(56a) Past and Future of Modeling and Simulation for Plasma Processing

A pervasive feature of plasma processing is the great disparity of length and time scales that must be treated. Length scales range from the reactor (10s of cm), to the sheath (100s of microns), to the surface features (nm), to the lattice spacing (Angstroms). Time scales range from events happening on the surface right after ion bombardment (ps), to the plasma frequency (ns), to the gas residence time (10s of ms), to surface profile evolution (min). Judicious approximations must be made to ?separate? these disparate processes. At the same time, intimate ?two-way? coupling among some of these processes can make the problem extremely complicated.

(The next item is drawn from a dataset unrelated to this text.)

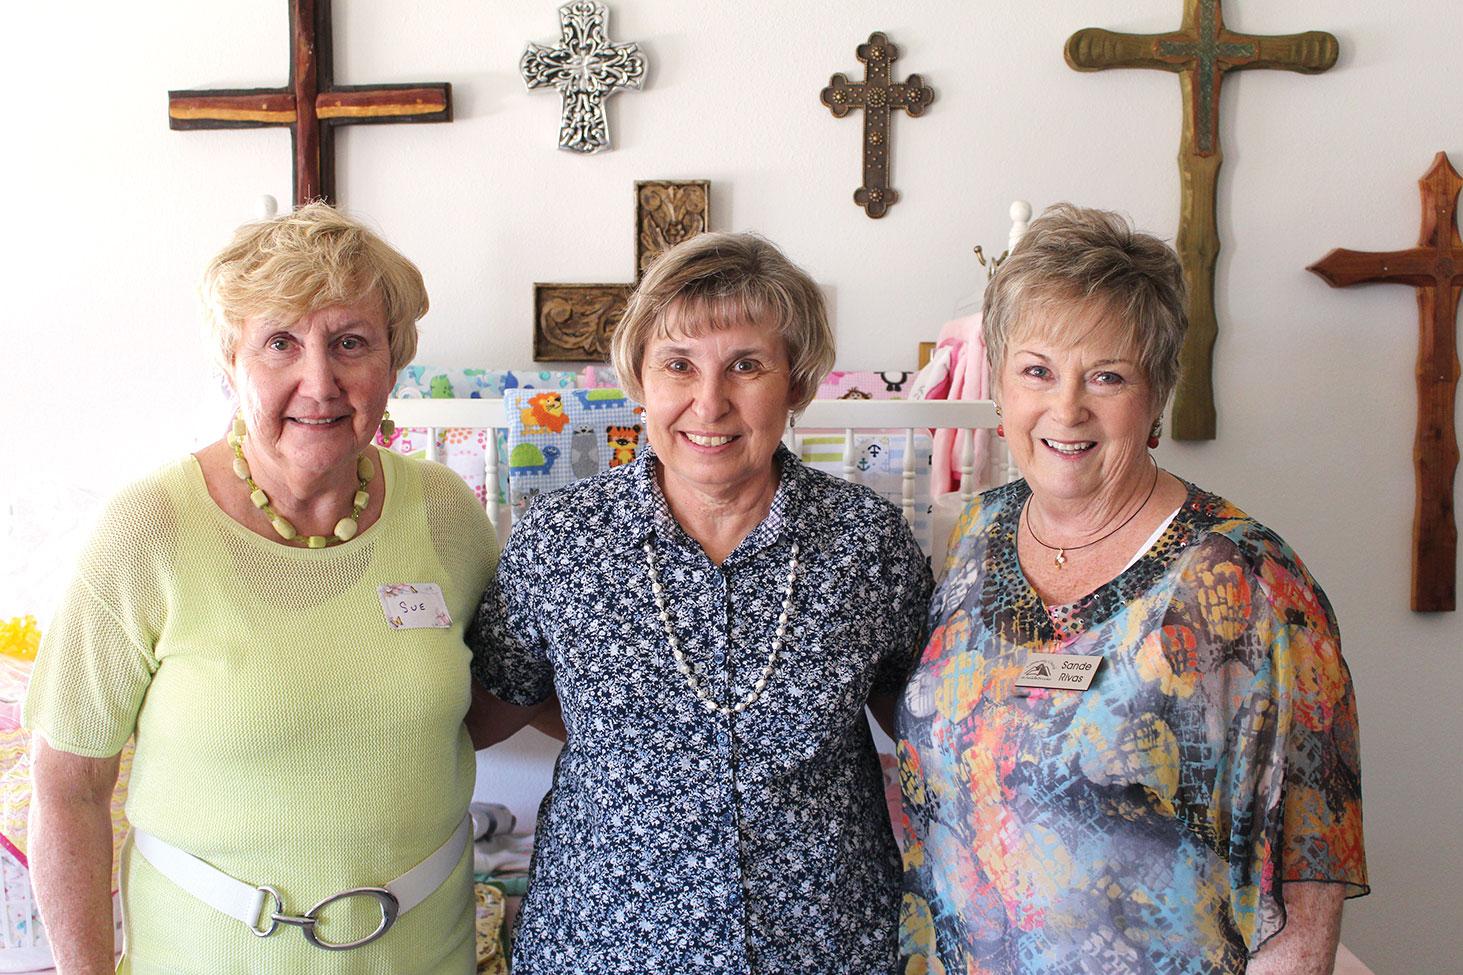 Left to right: Sue Birky, Clare Grochocki and Sande Rivas

Over the past 25 years, plasma reactor modeling and simulation has evolved from low-dimensional (0-D and 1-D) models with almost no chemistry, to full 3-D simulations including electromagnetics and fairly realistic chemistries. Similarly, feature profile evolution simulations have progressed from the rather primitive ?string model? to full 3-D Monte Carlo-based simulations. At the same time, molecular simulations (primarily Molecular Dynamics) have provided a wealth of information on surface processes influenced by energetic ion bombardment.

This paper will review the progress made in modeling and simulation of plasma processes over the years and discuss the challenges that are facing the field moving forward.